A little CSS fiddling, and voila!

Google Buzz Widget Image

The only thing is that some stuff I really want sits in the other 20%:

  • the (admittedly lightweight) formatting from the original Buzz
  • the links I share
  • the images I post to Flickr.

I don’t blame Google Buzz Widget for not having that information. It uses a Google service which does not yet provide those details. To get at that information today I’ll need to directly access the original feed, not the feed as translated by a service. Since I’m the sort of guy that enjoys reinventing wheels, I’ll put something together myself.

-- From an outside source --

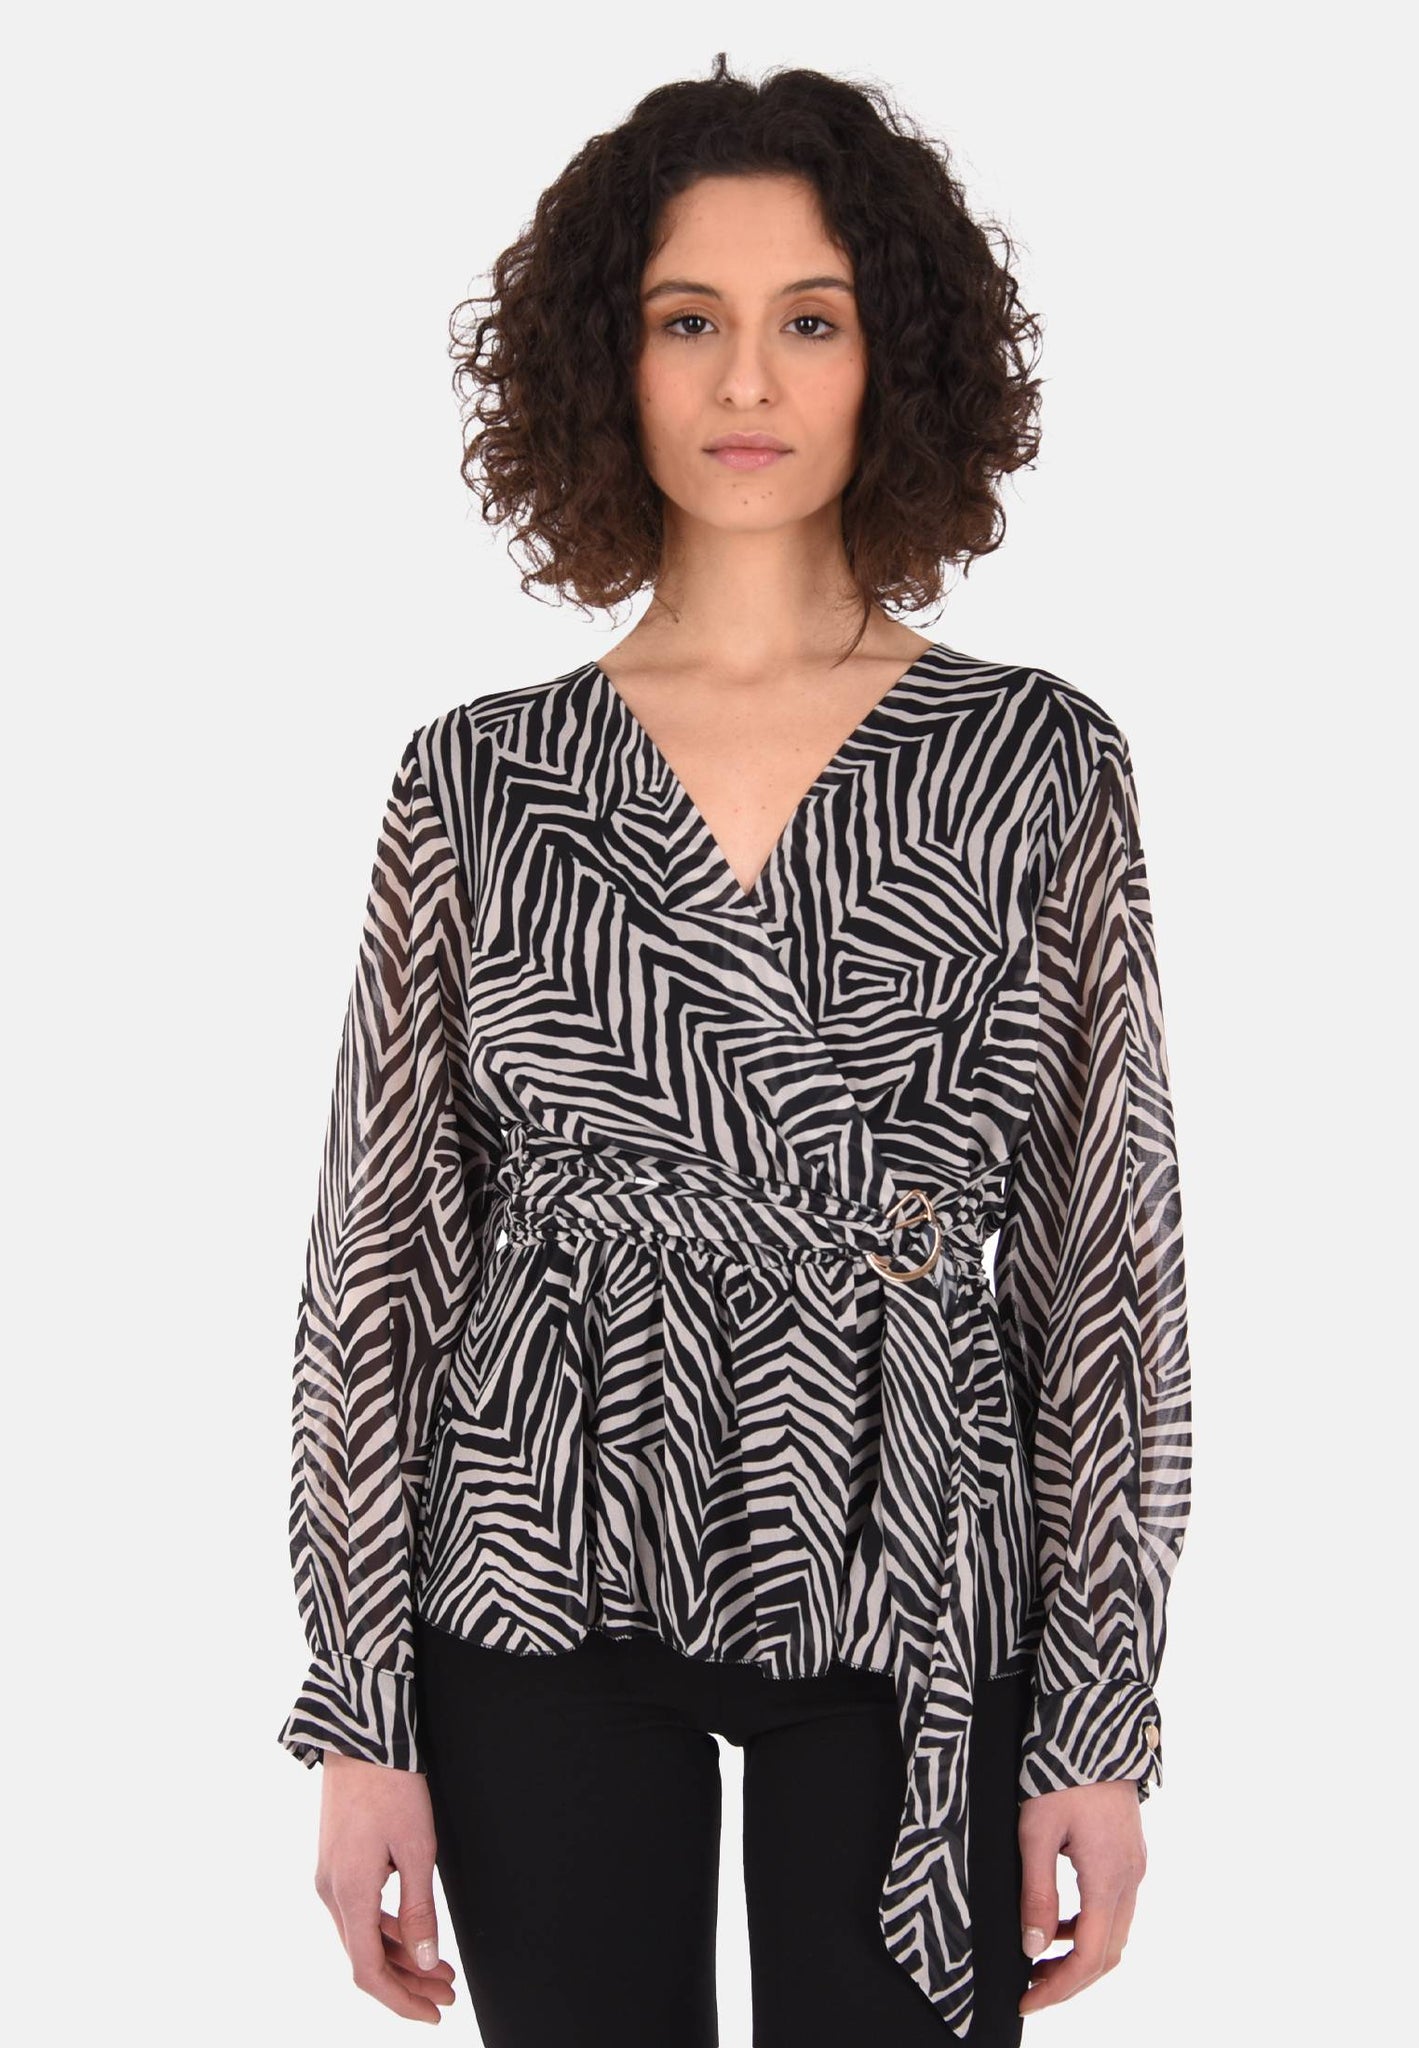 Zebra print blouse with v-neck

My site runs on a shared host, and the freshest language available to me on that host is PHP. I’m not a huge fan of the language, but I am pragmatic. If the most convenient tool available is PHP, then that’s what I’ll use.

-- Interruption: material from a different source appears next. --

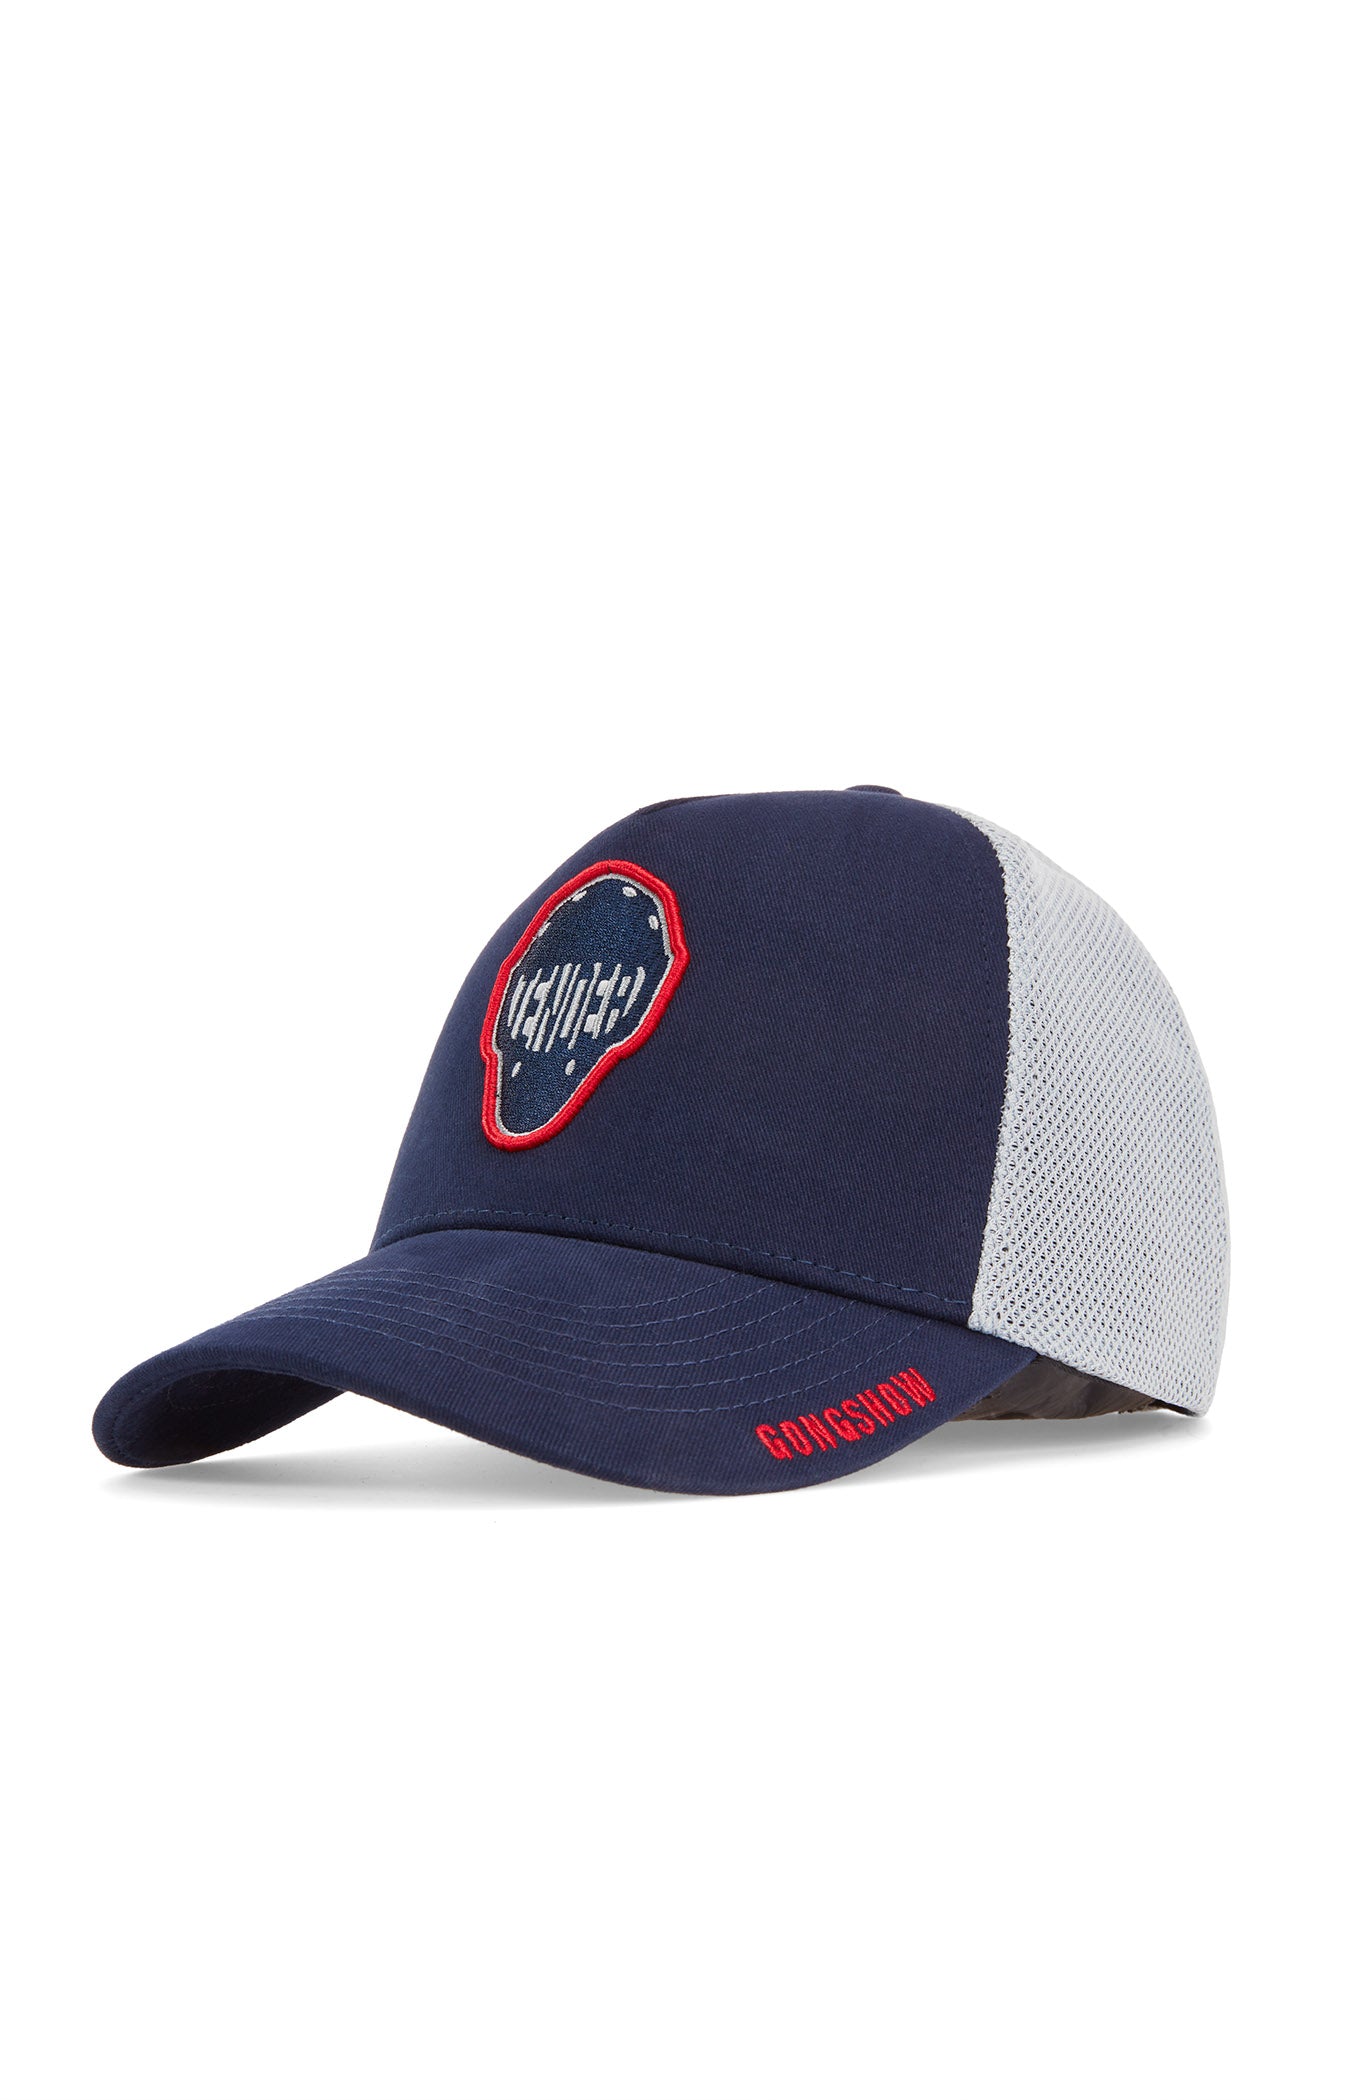 Mask On Point Men's Goalie Hockey Snapback Hat – GONGSHOW GEAR

If they had mod_perlite, it would be a significantly different story. Oh well. Let’s begin.

Start!

The initial local development will be on the home Mac, running OS X 10.5 and PHP 5.2.11. My Web host supports newer versions of PHP - all the way up to 6 - but I’m not going to worry about it today.

Grab my own copy of the feed

All right. I know for a fact that I’m going to be loading and manipulating this data a lot during the initial stage of development. I might as well grab a copy of the Buzz XML feed and work with it locally. That will save a bit of time and network load. Hey, every second counts.

Buzz feed URLs follow a simple pattern, with your username inserted at the approproate place.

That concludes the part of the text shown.